Tamanchey tries hard to bring us atypical protagonists -- a foul-mouthed heroine with plenty of experience, in every sense of the term, and a Bihari hero who shunts sulkily between his miffed male pride and his unwilling status as sexual ingenue who can't help but admire this "parkati". There's an attempt at giving the characters nuance based on their language -- Munna's exaggerated Purabiya lilt and Babu's largely superfluous use of English words to impress the (non-English-speaking) Munna - but that's as deep as Navneet Behal's characterising skills go. For the rest, it seems, surface outfitting will have to do. So Munna gets loud printed shirts and red trousers to announce his poor boy flashiness, while Babu gets various cleavage and thigh-revealing outfits to tell us how brazen she is. But their insane inappropriateness in a villain's den where everyone else is most soberly clad helps catapult the film into gangster's moll territory of a previous Hindi movie era. (That era is also evoked by the RD Burman song from Mahaan, 'Pyar mein dil pe maar le goli', which has been revived in a Bappi Lahiri version as the title song, and perhaps unwittingly -- by the cops who arrive at the very end of the nth bank robbery and proceed to be out-shot and outwitted by our anti-heroic couple). Though one can very dimly glimpse where they wanted to go with the deliberate 'crude cool', the direction is too erratic to get this film even a quarter of the way there. On one hand, it is far from the superbly realized comic caper of Bunty Aur Babli, on another, it fails to get within spitting distance of the Tarantinoesque. 


What it did remind me of is Revolver Rani. Directed by Sai Kabir and produced by Kabir's guru Tigmanshu Dhulia, that film's USP was another foul-mouthed, violent, gun-toting young woman. "I love phasion, phun, aur gun", she announces in what is supposed to be Bhind-Morena's special brand of Hinglish. Kangana Ranaut's portrayal of a new-age dacoit-cum-politician might be imagined as being a tongue-in-cheek updating of the one real-life female dacoit-cum-politican we've had from the Chambal badlands: the ill-fated Phoolan Devi. If only it weren't so absolutely clear that the gun-slinging Alka Singh of the insatiable sexual appetite and spiky bustiers -- just like Richa Chadda's trigger-happy and libidinous Babu -- is pure male fantasy. 

Both Revolver Rani and Tamanchey have half-baked plots and badly written scripts, dispensing with characters' backgrounds in two-minute sob-stories while trying to distract us with dialogue-baazi. Both lay claim to a sense of place, but are too inept to do anything but flag their failures. Ranaut and Chadda, both having proved their considerable talent in other films, fail miserably to keep these rudderless ships afloat. 
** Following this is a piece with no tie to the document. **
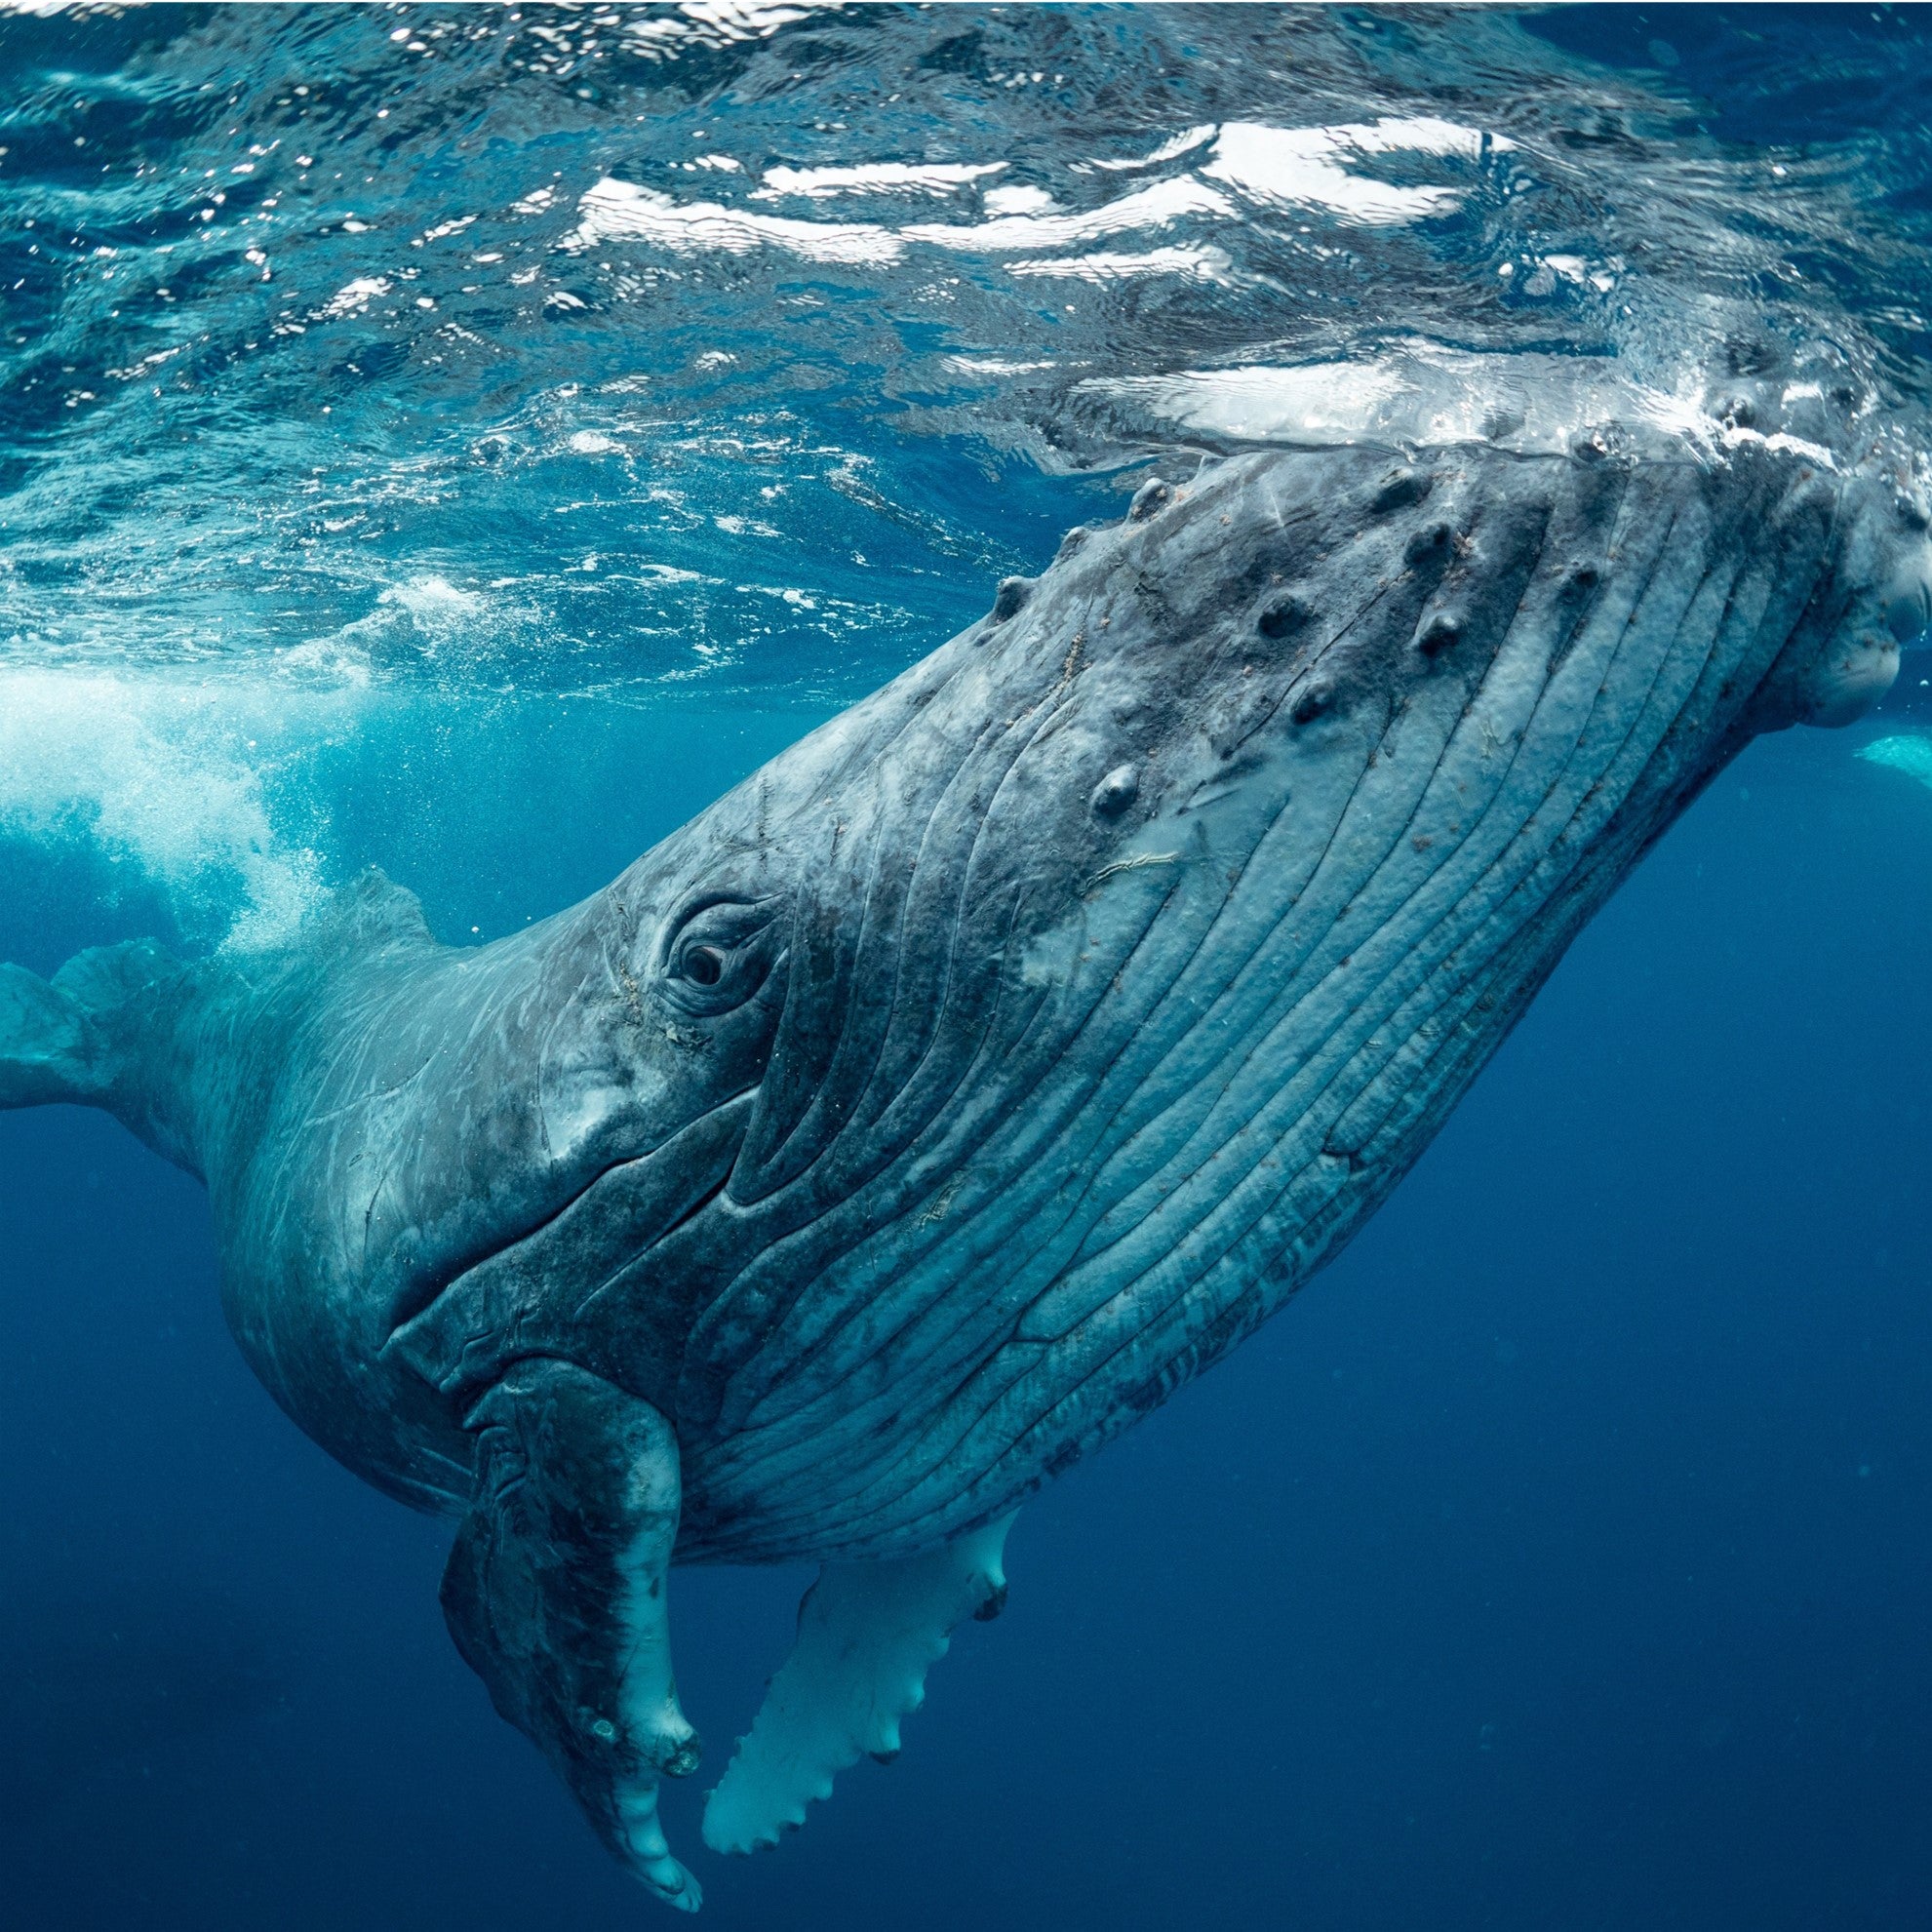 Humpback whale - WWF-Canada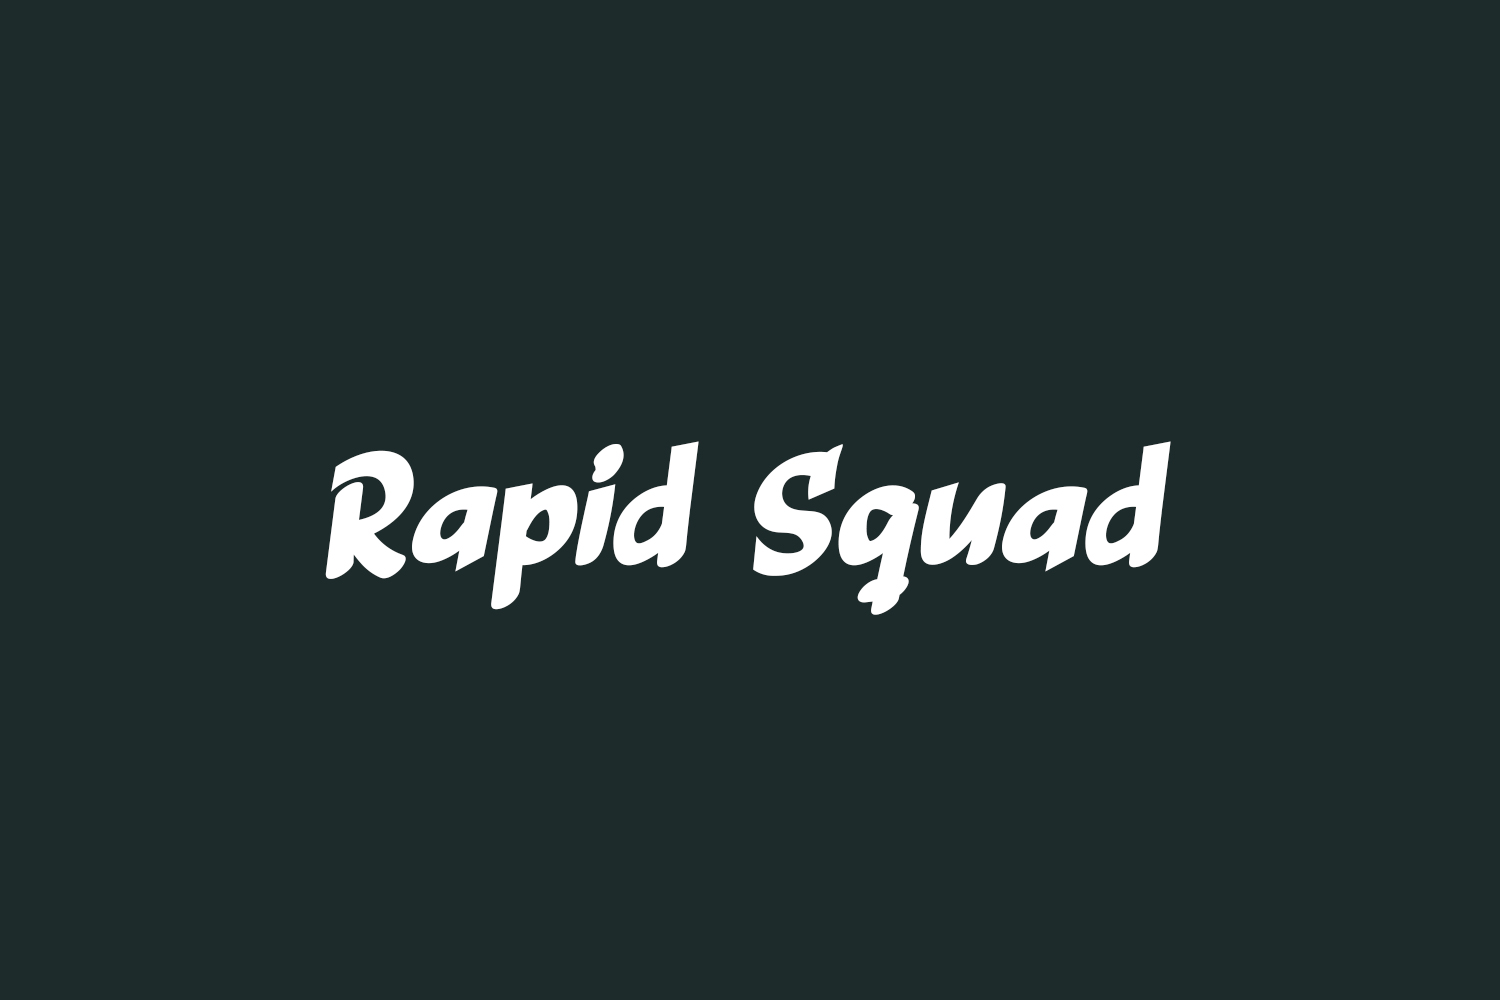 Rapid Squad Free Font

All they're riding on is the 'innovation' of man-eating heroines who pick men as objects of lust, not love. Alka Singh, in one of the film's more successful scenes, picks Vir Das as winner of an underwear modelling contest. In the tradition of big men through the ages, she then gives him the privilege of sleeping with her and then pretty much keeps him captive as toy boy, making grand plans to make a movie "for him" while occasionally feeding him weird local delicacies that will keep him virile enough to service her. Babu in Tamanchey isn't quite as demanding, but she is certainly the only one allowed to make the moves. She slaps Munna when he tries his luck, though later thaws enough to succumb to a roll in the hay (er, in the tomatoes) before abandoning her sleeping conquest to return to her gang. The girl, true to this tough-as-nails characterisation, is initially completely unaffected by their drunken sexcapade; it is the boy who does the post-coital coyness of "Hum tumse I love you karte hain" and follows her all the way to gangland. 

But the gender role reversals that are meant to power both films fizzle out astoundingly fast. Alka becomes obsessed with raising a baby, and Babu, too, reveals that her thick gangster skin hides a girl who's been dying to play housewife. Clearly, that's where even the most libidinous Indian male fantasy ends.


A version of this was published as my Mumbai Mirror column last Sunday.